Tuesday, November 10, 2009: 5:33 PM

Cecelia A. Bellcross, PhD, MS, CGC , Office of Public Health Genomics, Centers for Disease Control and Prevention, Atlanta, GA
Amy A. Lemke, MS, PhD, CGC , Center for Genetic Medicine, Northwestern University, Chicago, IL
Laura S. Pape, MS , Clinical Genetics, Children's Hospital of Wisconsin, Milwaukee, WI
Angela L. Tess, MS , Department of Genetics, St. Vincent Hospital, Green Bay, WI
Lorraine T. Meisner, PhD, FACMG , Cell Line Genetics, LLC, Madison, WI
The United States Preventive Services Task Force has identified the need for primary care screening tools to facilitate the appropriate referral of patients for cancer genetic counseling and testing for BRCA1/2 mutations. This study evaluated the reliability and accuracy of a “Referral Screening Tool” (RST) designed for rapid identification of individuals at potential hereditary risk for breast/ovarian cancer. The RST was administered to 2,467 unselected women undergoing screening mammography within a private healthcare system in Madison, WI. Detailed four-generation cancer pedigrees were collected by telephone interview on a random subset of 296 women categorized as low, moderate and high risk.
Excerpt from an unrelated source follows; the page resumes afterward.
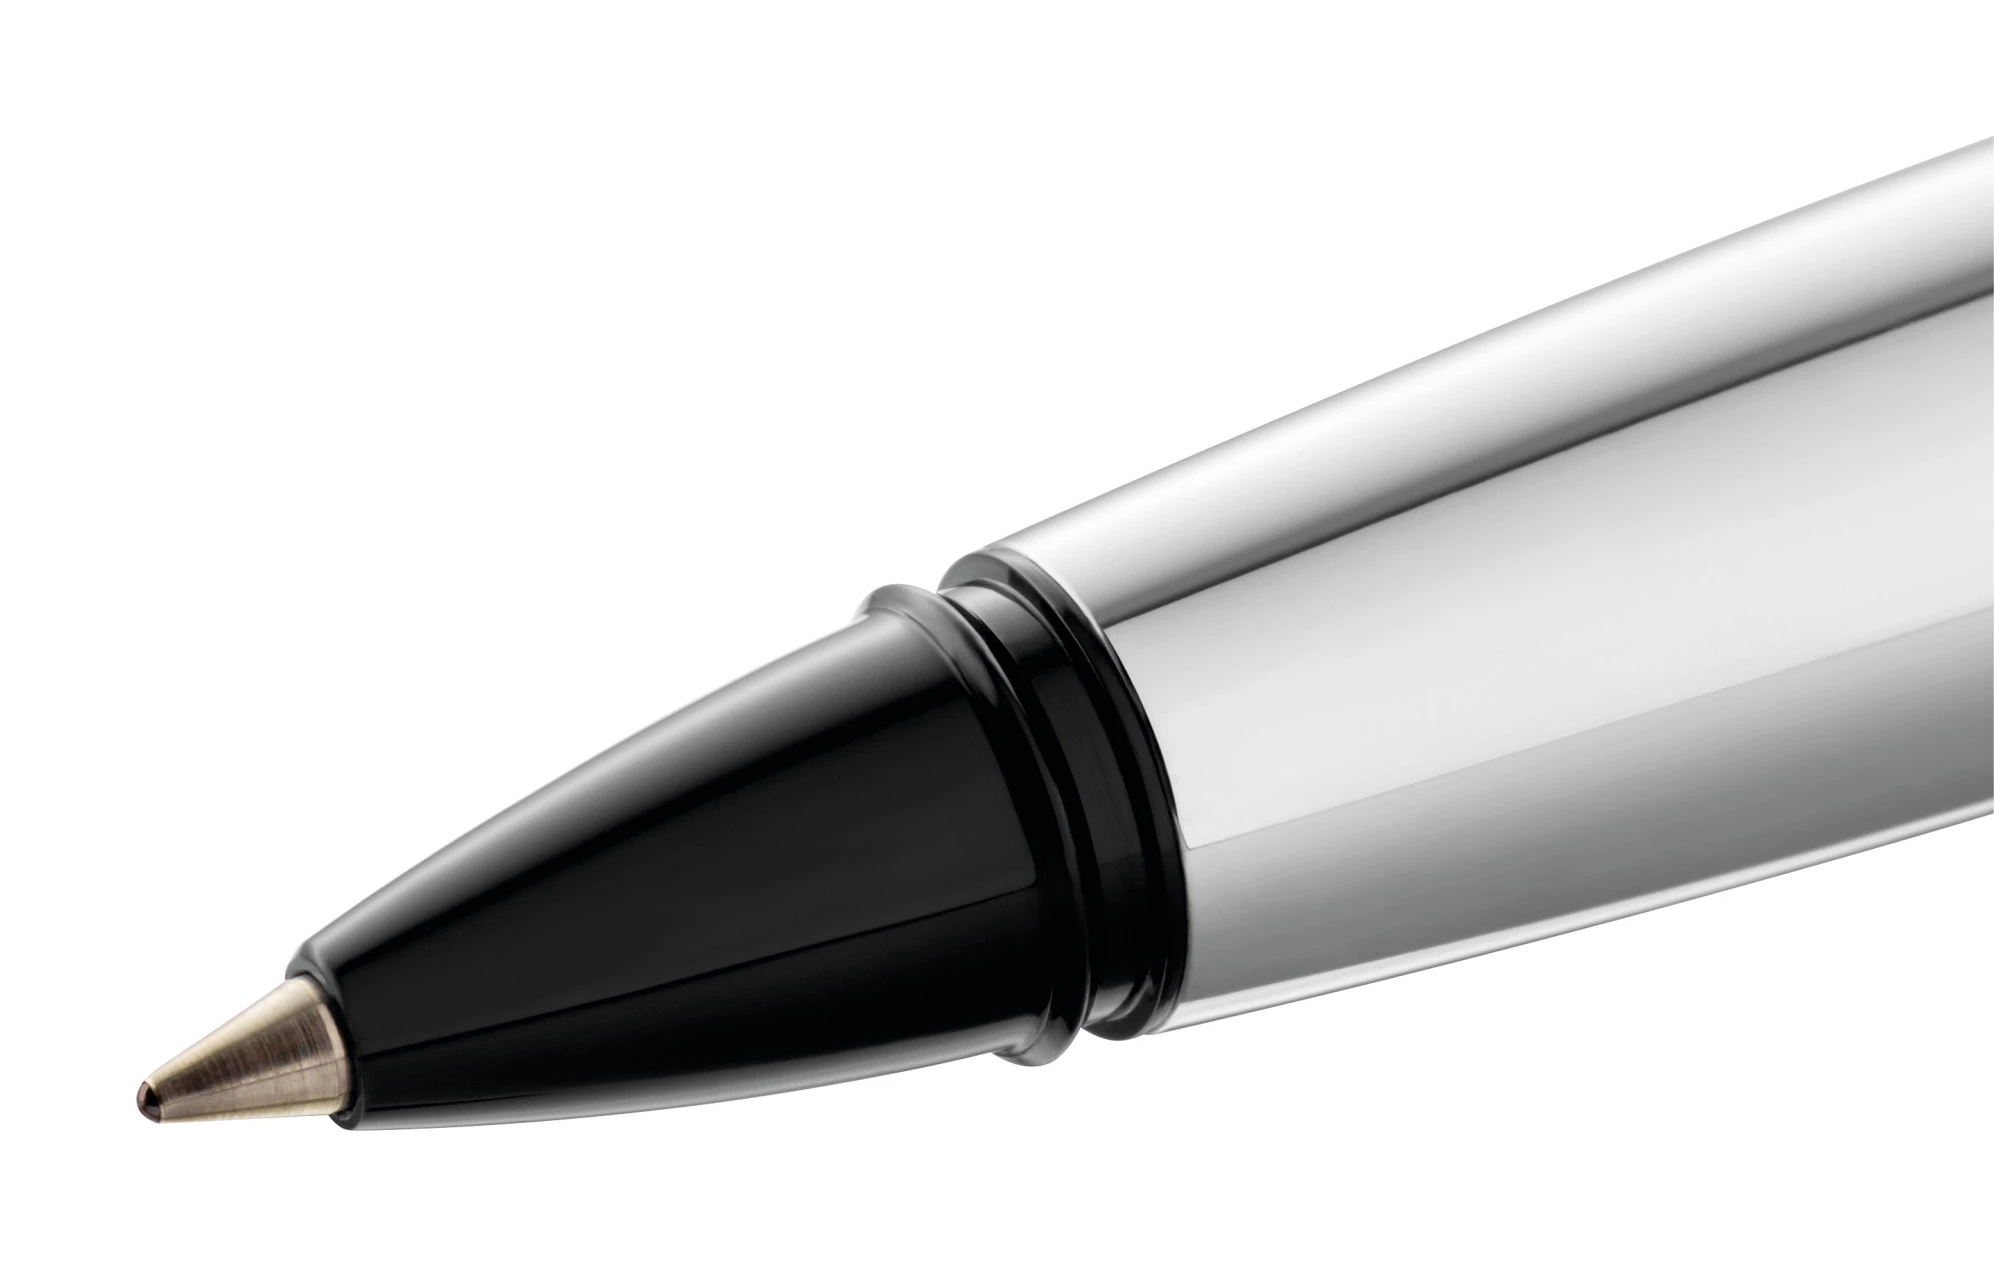 Ручка роллер Pelikan Elegance Pura R40 (PL817448) антрацитовый/серебристый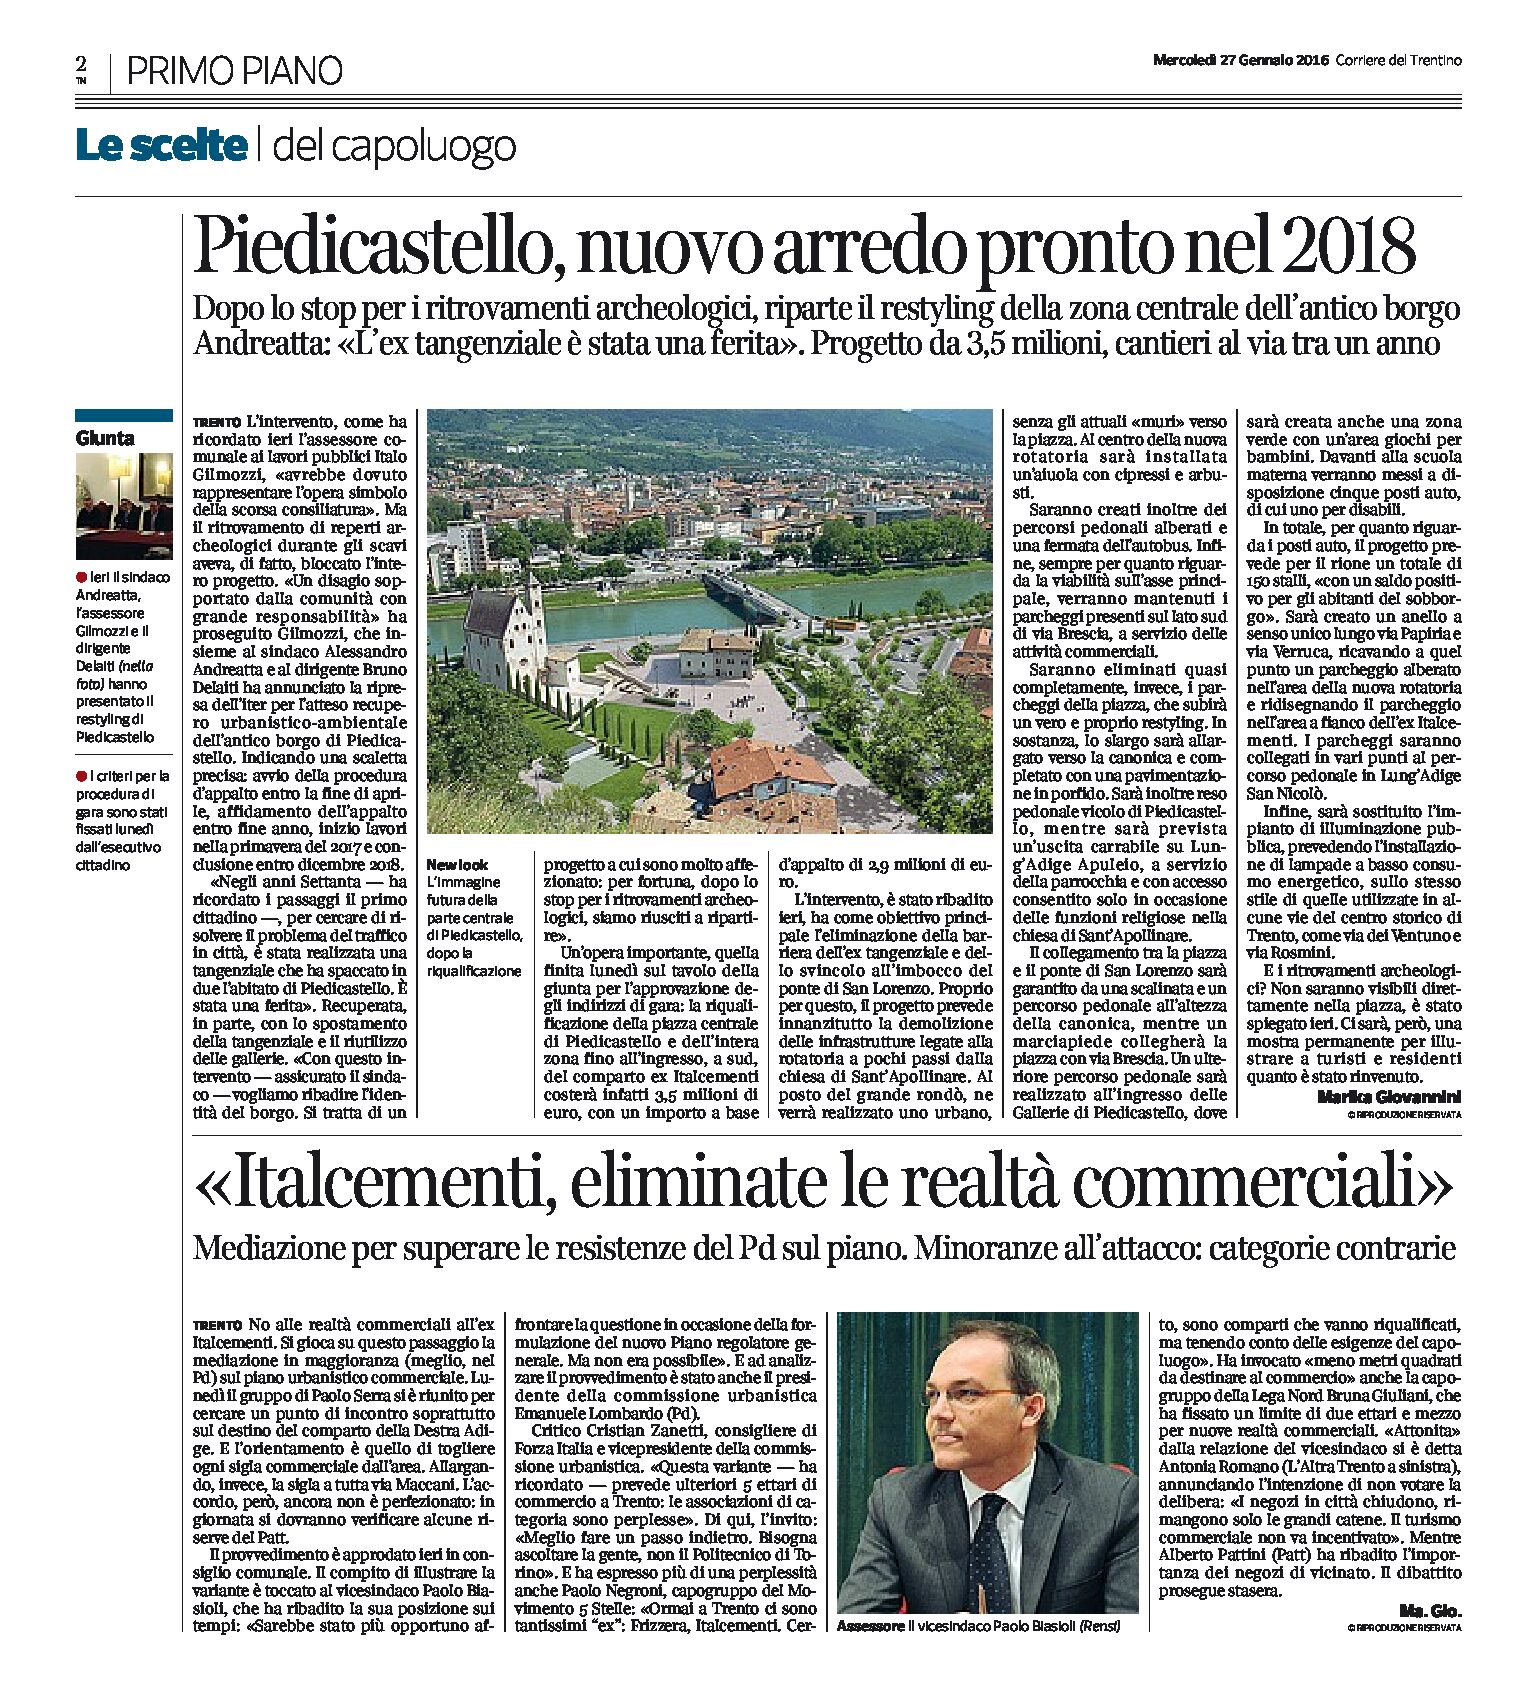 Destra Adige: il nuovo arredo di Piedicastello sarà pronto nel 2018, no alle realtà commerciali all’ex Italcementi

Four established risk models (BRCAPRO, Myriad II, BOADICEA and FHAT) were used to analyze the pedigrees for validation purposes. Reliability as measured by concordance of randomly repeated RSTs was 95.5%. Using a dichotomous risk classification scheme, with a 10% BRCA1 or BRCA2 mutation probability or FHAT score of > 10 as the measure of “high-risk,” the RST demonstrated an overall (high-risk by any model) sensitivity of 81.2% (individual model range 81.3-91.3%) and specificity of 91.9% (individual model range 76.2-90.3%). Discriminatory accuracy as measured by the area under the receiver operator characteristic curve was 0.87. Numerical values generated by the risk models revealed no overlap of the inter-quartile ranges between screen positive and screen negative subjects. These data appear to warrant further examination of the RST in primary care settings to assess its impact on the efficiency with which healthcare providers triage patients to cancer genetics services.

Learning Objectives:
1) Describe the importance of improving identification of individuals at increased risk for hereditary breast/ovarian cancer. 2) Evaluate the study data presented regarding the breast/ovarian cancer

Keywords: Genetics, Breast Cancer

Presenting author's disclosure statement:

Qualified on the content I am responsible for because: I am a board certified genetic counselor with 18 years clinical experience and expertise in cancer genetics. The research I am presenting was a study I designed and executed in completion of requirements for a PhD in Population Health.
Any relevant financial relationships? No

I agree to comply with the American Public Health Association Conflict of Interest and Commercial Support Guidelines, and to disclose to the participants any off-label or experimental uses of a commercial product or service discussed in my presentation.